To his MPs, he is arrogant. Starmer did not bother to call several of them —an excellent way to annoy them— until he suffered his first electoral catastrophe in the local elections of May last year. Shortly before, Starmer had not bothered to campaign in the parliamentary elections for the Runcorn and Helsby constituency. The Labour Party, which had won that seat by 14,696 votes 10 months earlier, lost it by just six. The presence of the prime minister would most likely have prevented that defeat. But Starmer did not take responsibility. His only reaction when asked about the loss was to say, "I have taken note." That coldness also extends to his own cabinet, as was evident in July when, after a Labour rebellion forced the Government to dilute its disability and sickness benefits reform, Starmer explicitly refused to guarantee the continued presence in the Government of the plan's promoter, the Minister of Economy, Rachel Reeves.
This has been compounded by a stubbornness in making decisions that anger his own voters. One of the very first measures of his Government was to cut subsidies for heating for pensioners. Perhaps it made sense from a fiscal point of view, but politically it was an idea that surpassed Margaret Thatcher from the right. There are few more effective ways to slap the Labour sympathizer.

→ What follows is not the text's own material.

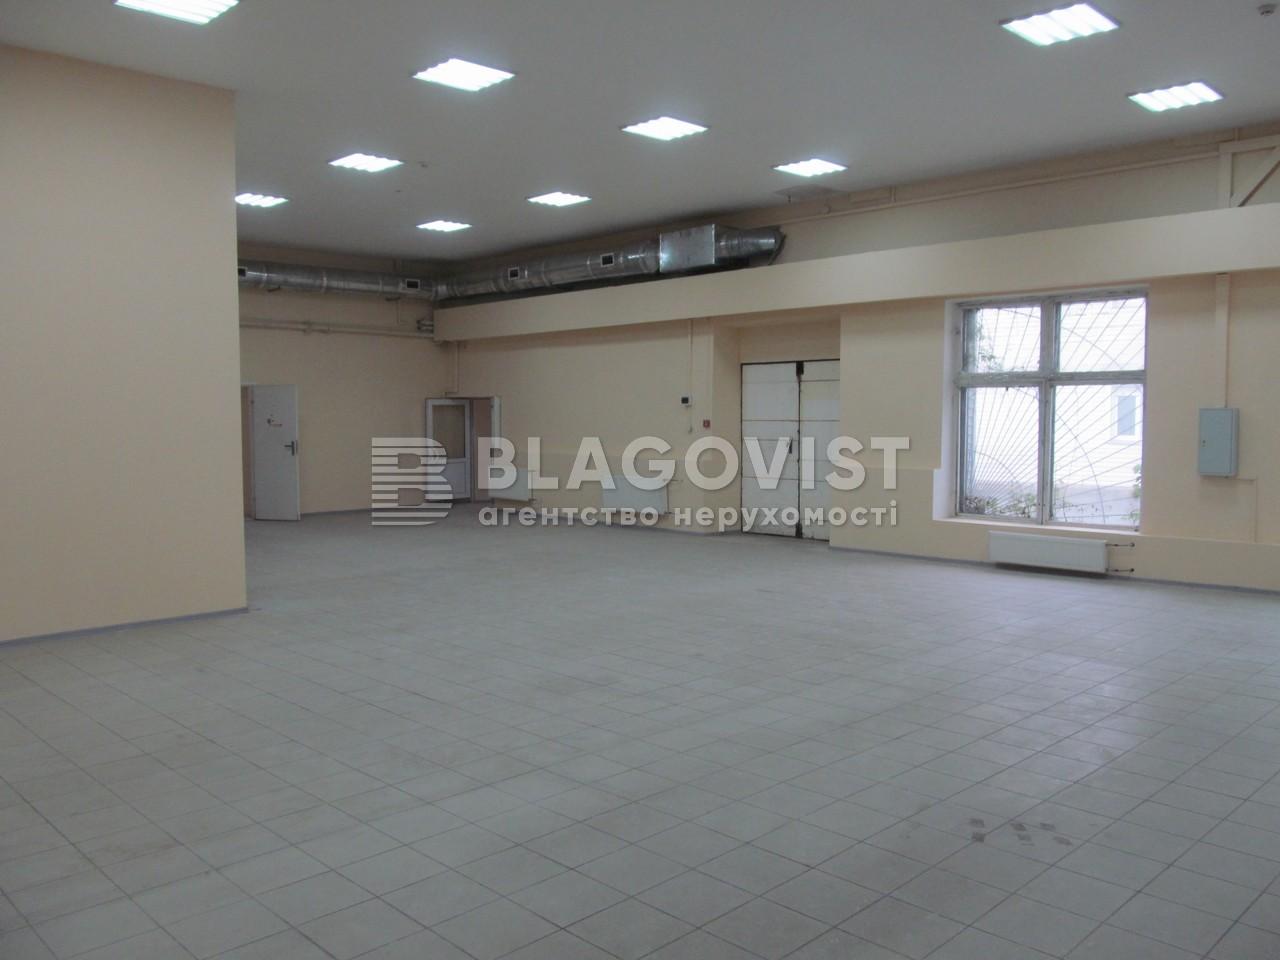 Нежилое помещение, F-41597, Малевича Казимира (Боженко), Киев - Фото 5

The same can be said of the terrorism designation of Palestine Action, a group whose violence has been essentially against property: sabotage, graffiti, break-ins, and material damage against military or defense industry targets. Placing it under the same legal framework as classic terrorist groups has been an absurd way to enrage the Labour left, young people, and minorities.

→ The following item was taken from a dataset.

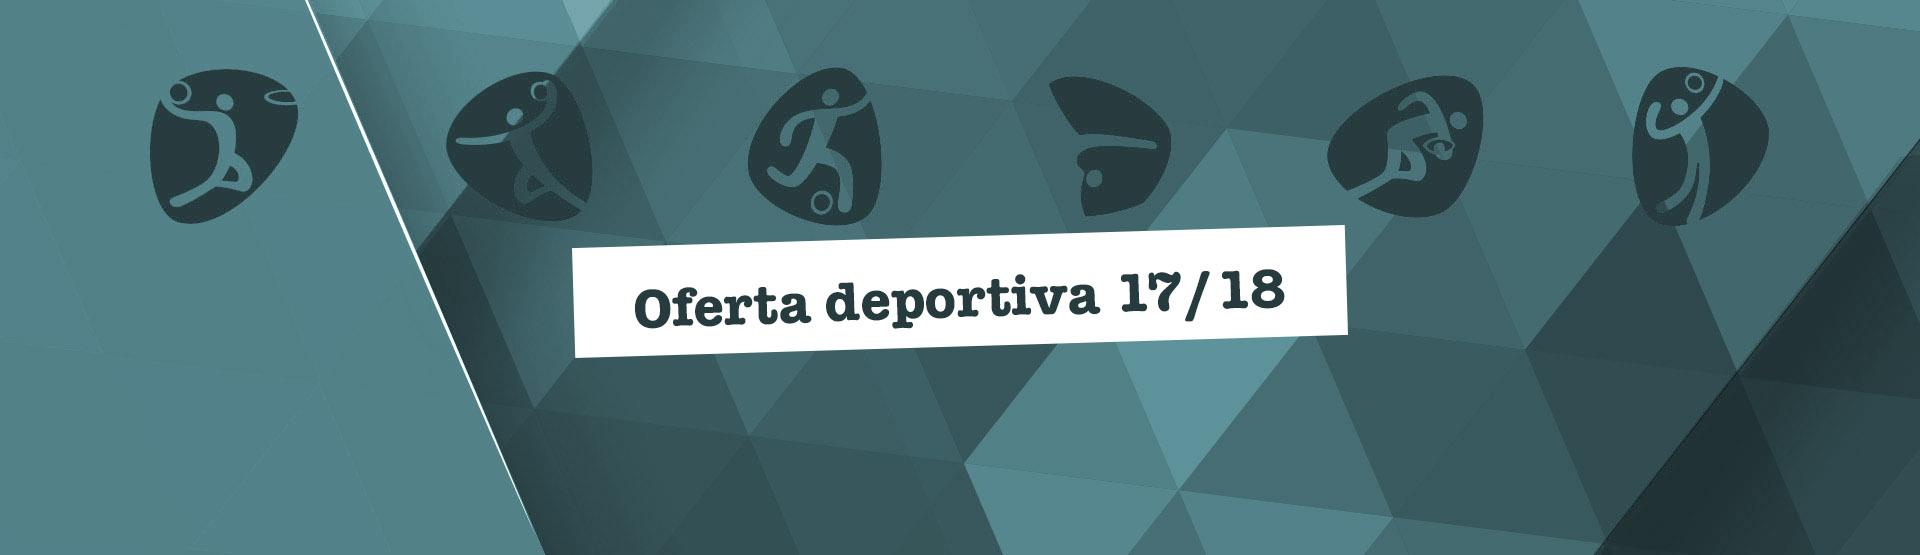 ofertadeportiva1718

Now, the prime minister faces the end of his term. His only defense is his conviction that, given time, the electorate will reward his leadership. Last week, he even offered Burnham a senior position in the Government. An advisor to the prime minister compared Starmer yesterday in The Times to Mark Twain's character Tom Sawyer, who secretly attends his own funeral. The big difference is that Sawyer is alive. Starmer, like in a horror movie, has not realized that the corpse is himself.